╭──
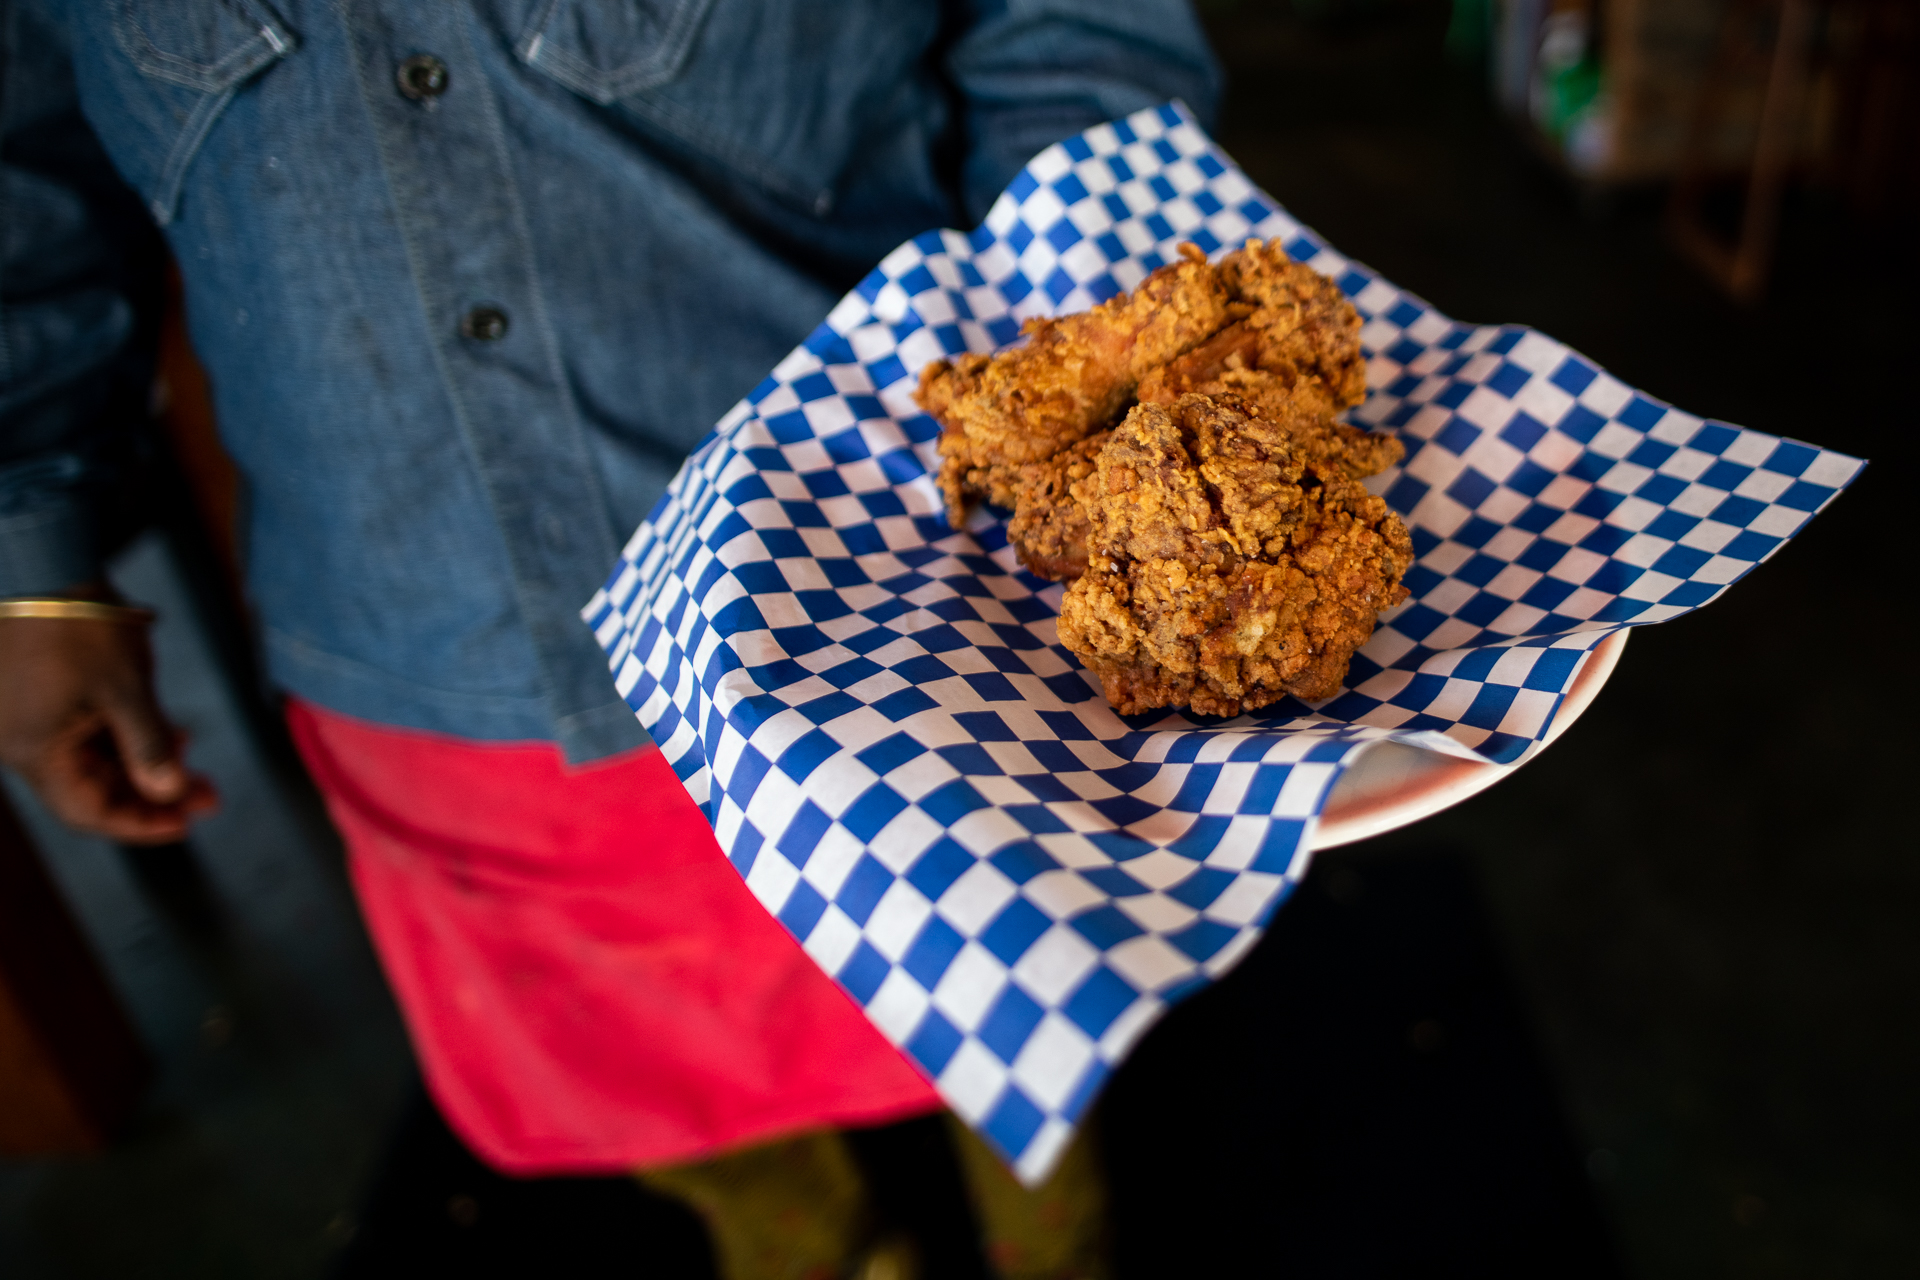 A piece of fried chicken on blue-and-white checkered paper.
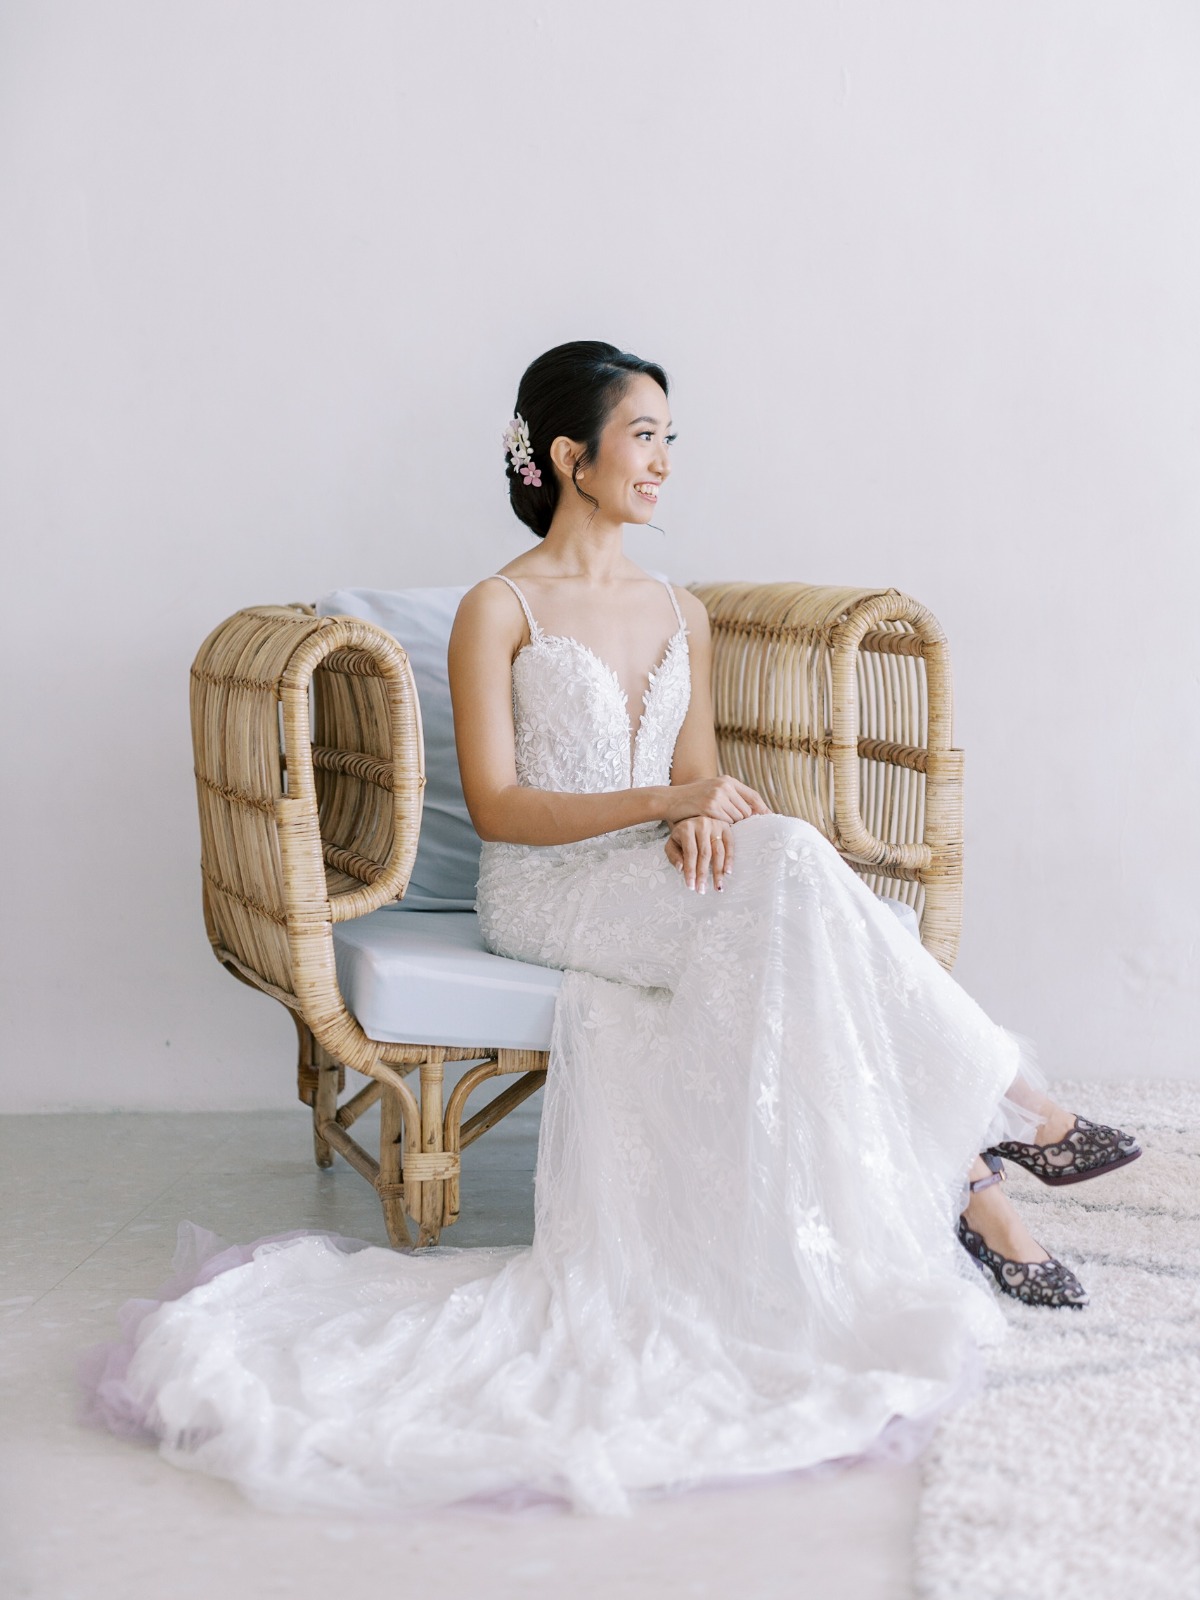 Portrait of bride sitting on wicker chair with legs crossed
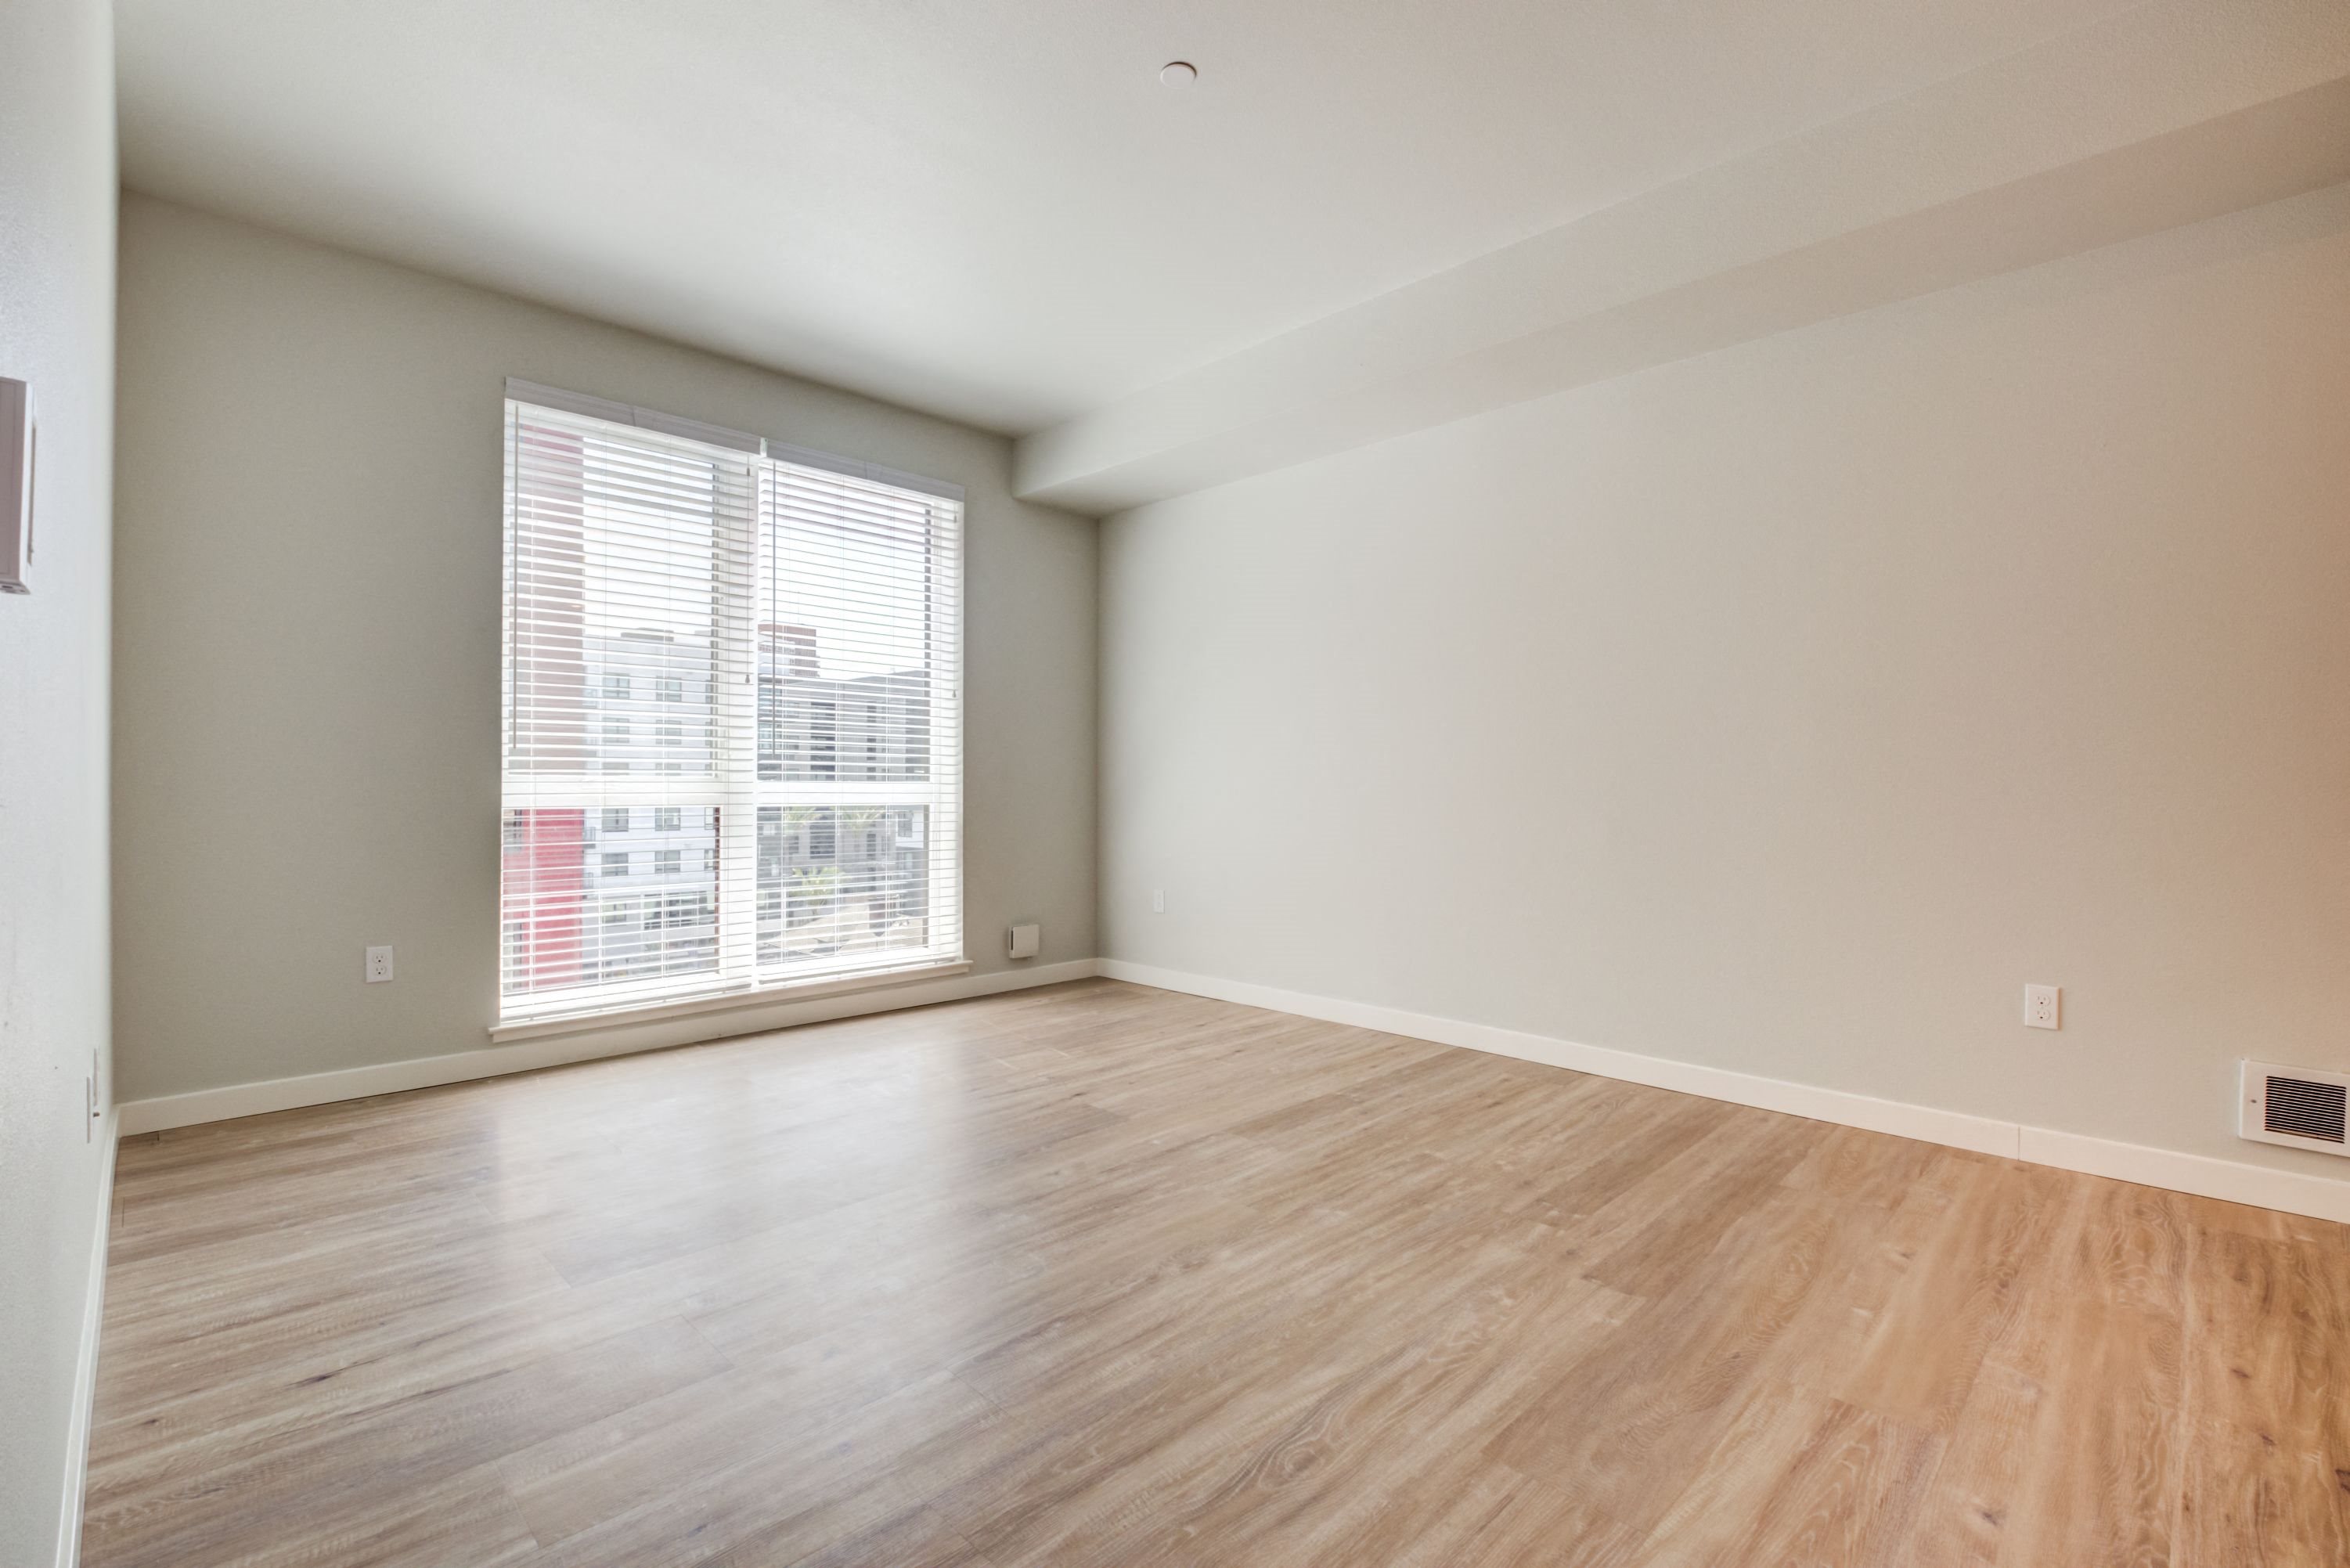 Large room with wood floors and patio window
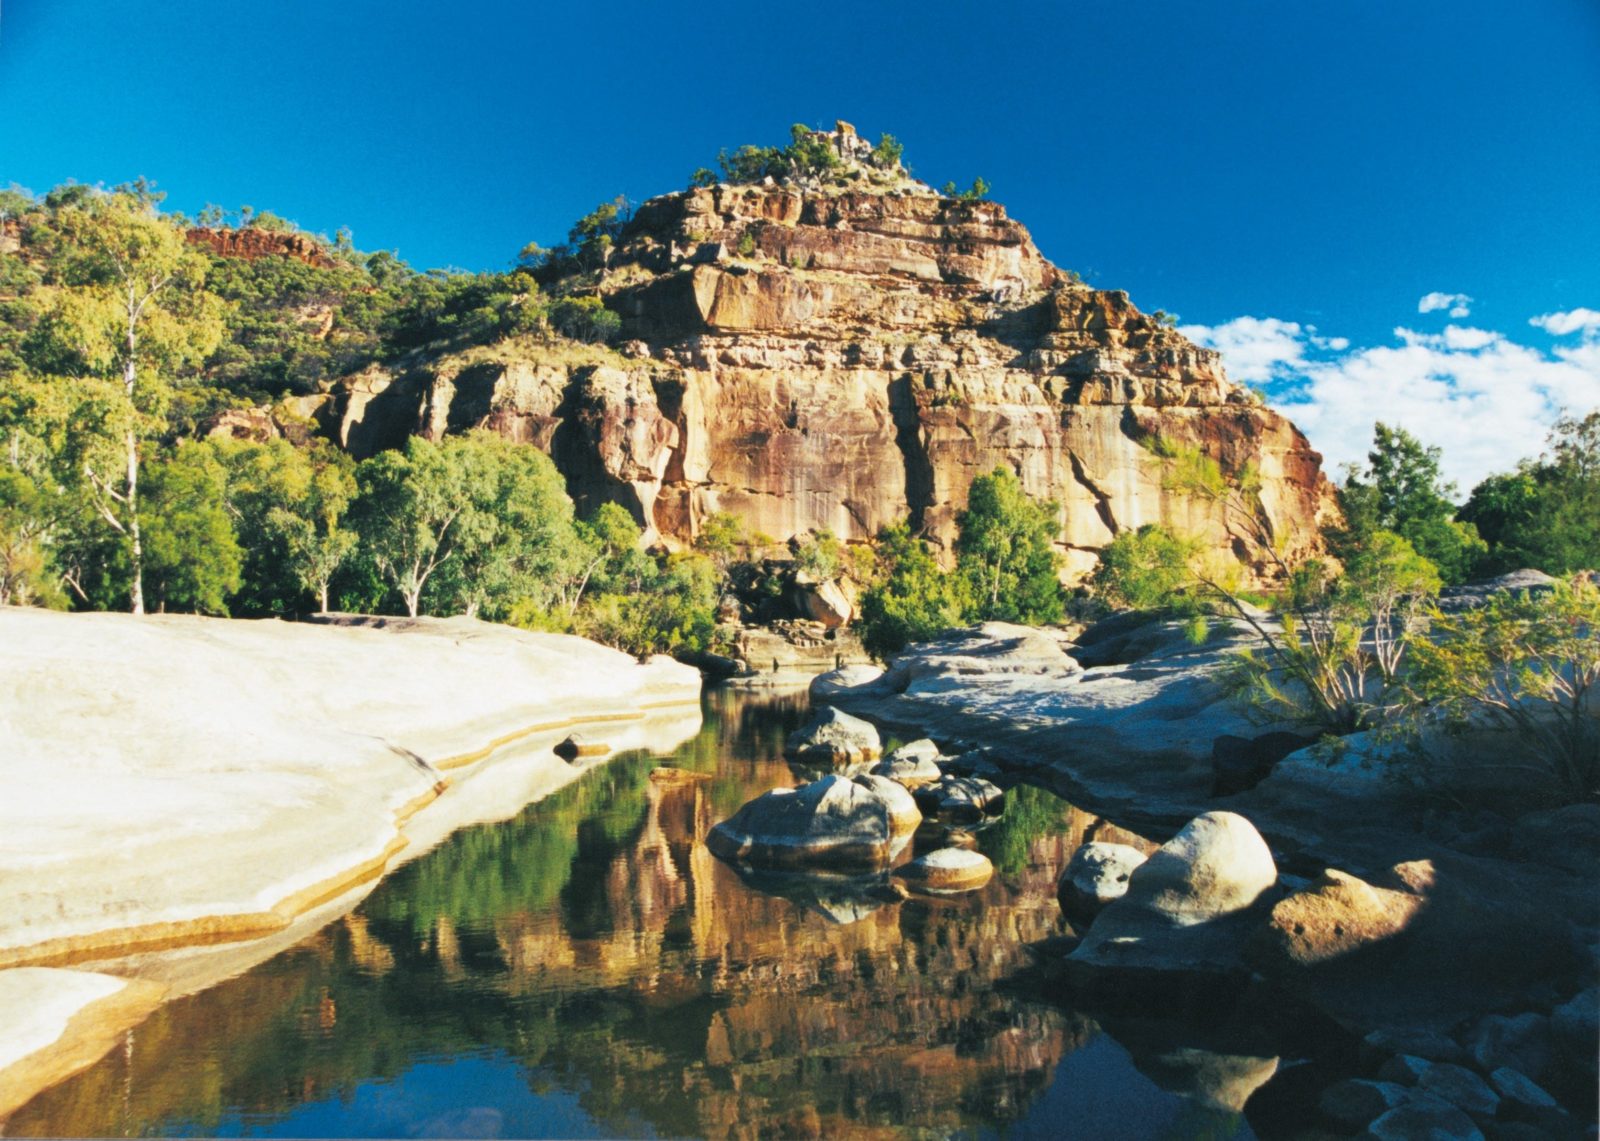 A pyramid-like sandstone formation towers over a small creek with boulders, fringed by vegetation.
╰──
Every line above should be returned word for word, with the pictures left behind.

[Answer area]
 A piece of fried chicken on blue-and-white checkered paper.
 Portrait of bride sitting on wicker chair with legs crossed
 Large room with wood floors and patio window
 A pyramid-like sandstone formation towers over a small creek with boulders, fringed by vegetation.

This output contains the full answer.